Structure-dependent activities of hydroxylated polybrominated diphenyl ethers on human estrogen receptor

Abstract

Polybrominated diphenyl ethers (PBDEs) have been shown to affect the estrogen receptor (ER) signaling pathway, and one of the proposed disruption mechanisms is direct binding of hydroxylated PBDE (OH-PBDE) to ER. In this paper, the binding affinity of 22 OH-PBDEs with different degrees of bromination to ER was assessed quantitatively using a surface plasmon resonance biosensor technique.

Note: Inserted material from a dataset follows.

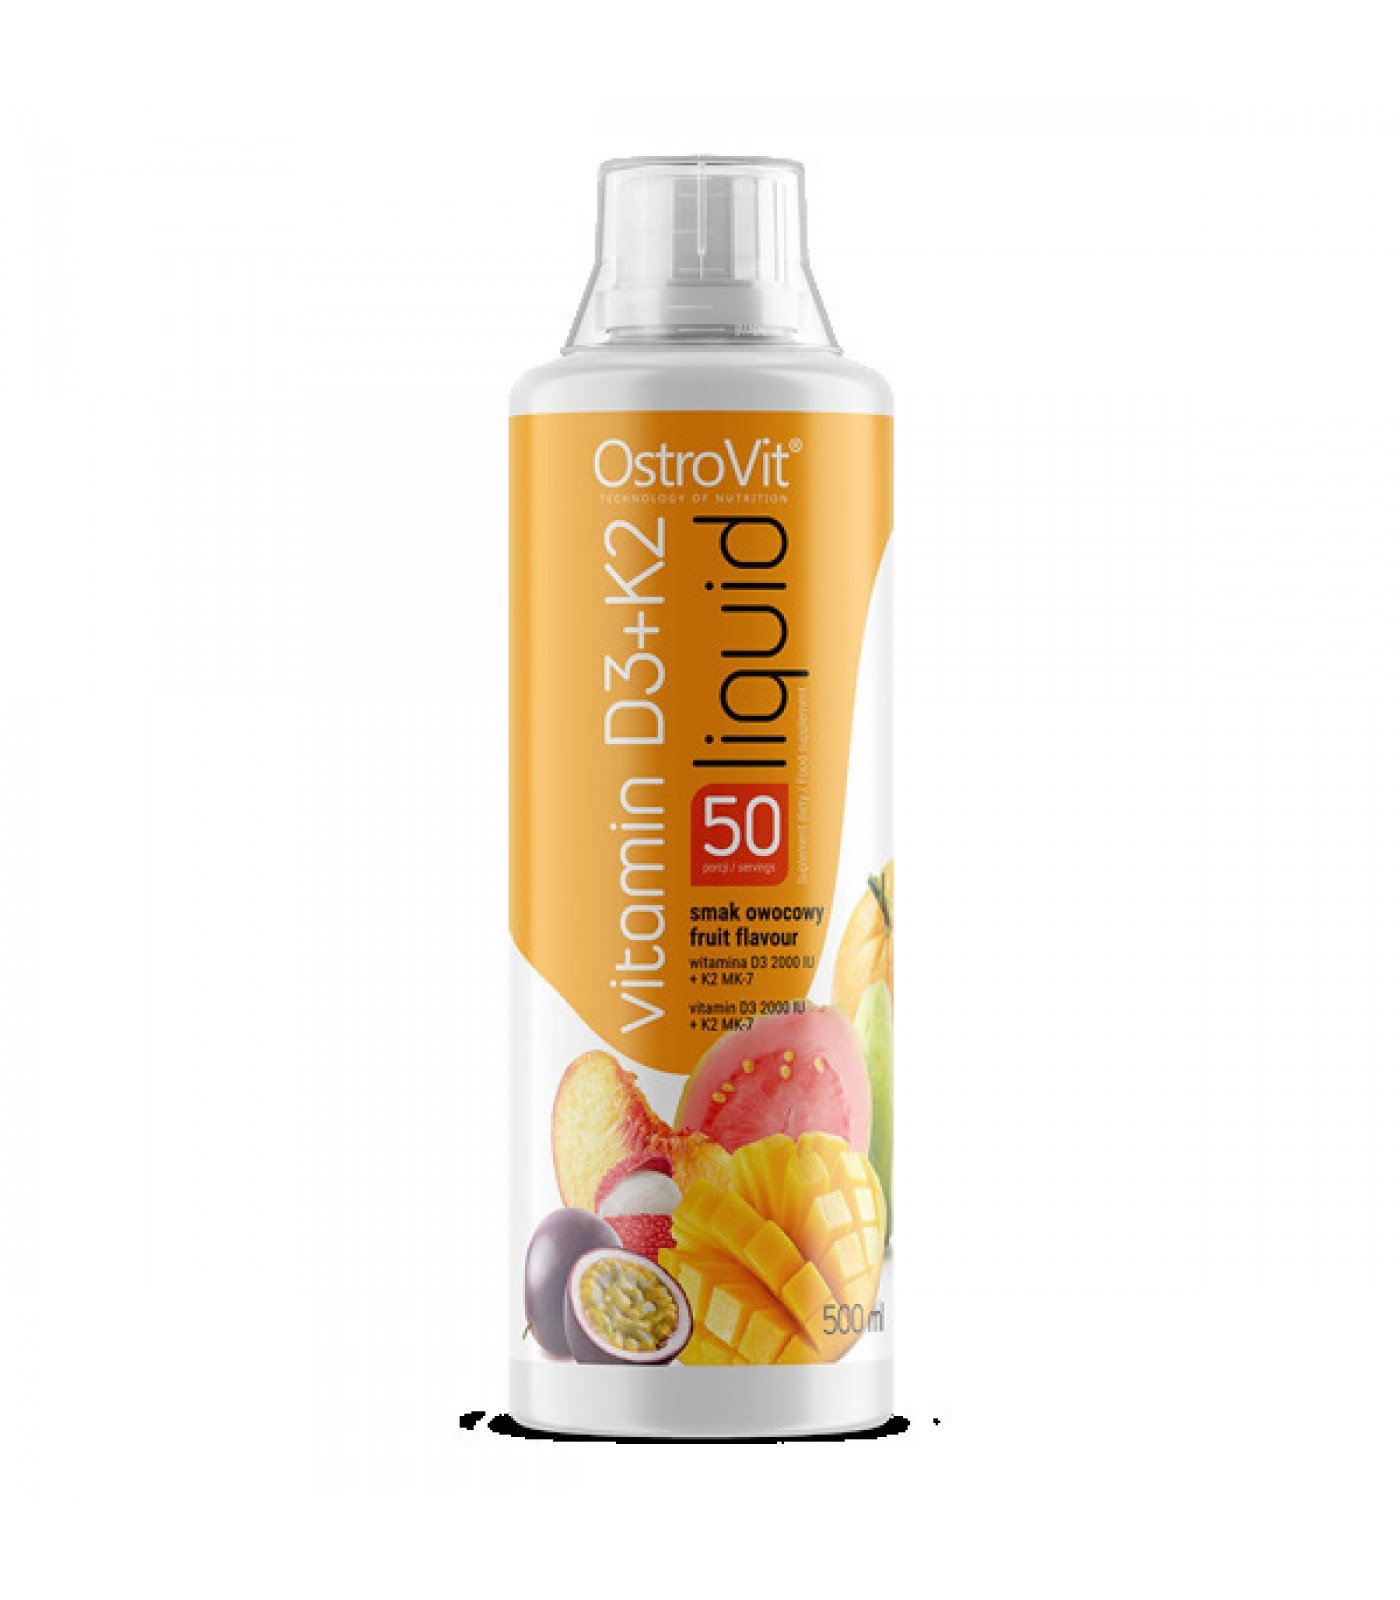 OstroVit - Vitamin D3 + K2 Liquid / 500ml.

Seven OH-PBDEs were found to bind directly with ER with KD ranging from 1.46x10(-7) M to 7.90x10(-6) M, and the affinity is in the order of 6-OH-BDE-047>/=4'-OH-BDE-049>4'-OH-BDE-017>6'-OH-BDE-099>/=5'-OH-BDE-099>2'-OH-BDE-007>3'-OH-BDE-028. In MVLN luciferase gene reporter assays, 10 low-brominated OH-PBDEs induced luciferase activity alone, but are 10(5) to 10(7) fold less potent than E2. Their estrogenic activity is in the order of 4'-OH-BDE-049>4'-OH-BDE-017>2'-OH-BDE-007>3'-OH-BDE-028>3-OH-BDE-047>/=3'-OH-BDE-007. The good correlation between estrogenic activity and ER binding affinity of the low-brominated OH-PBDEs strongly suggest that these compounds induce ER transcriptional activity by binding directly with ER. The other 12 high-brominated OH-PBDEs inhibited luciferase activity of E2 to various degrees, demonstrating their antagonistic activity. Molecular docking analysis of the ER/OH-PBDE complexes revealed two distinctive binding modes between low- and high-brominated OH-PBDEs which provided rationale for the difference in their ER activity.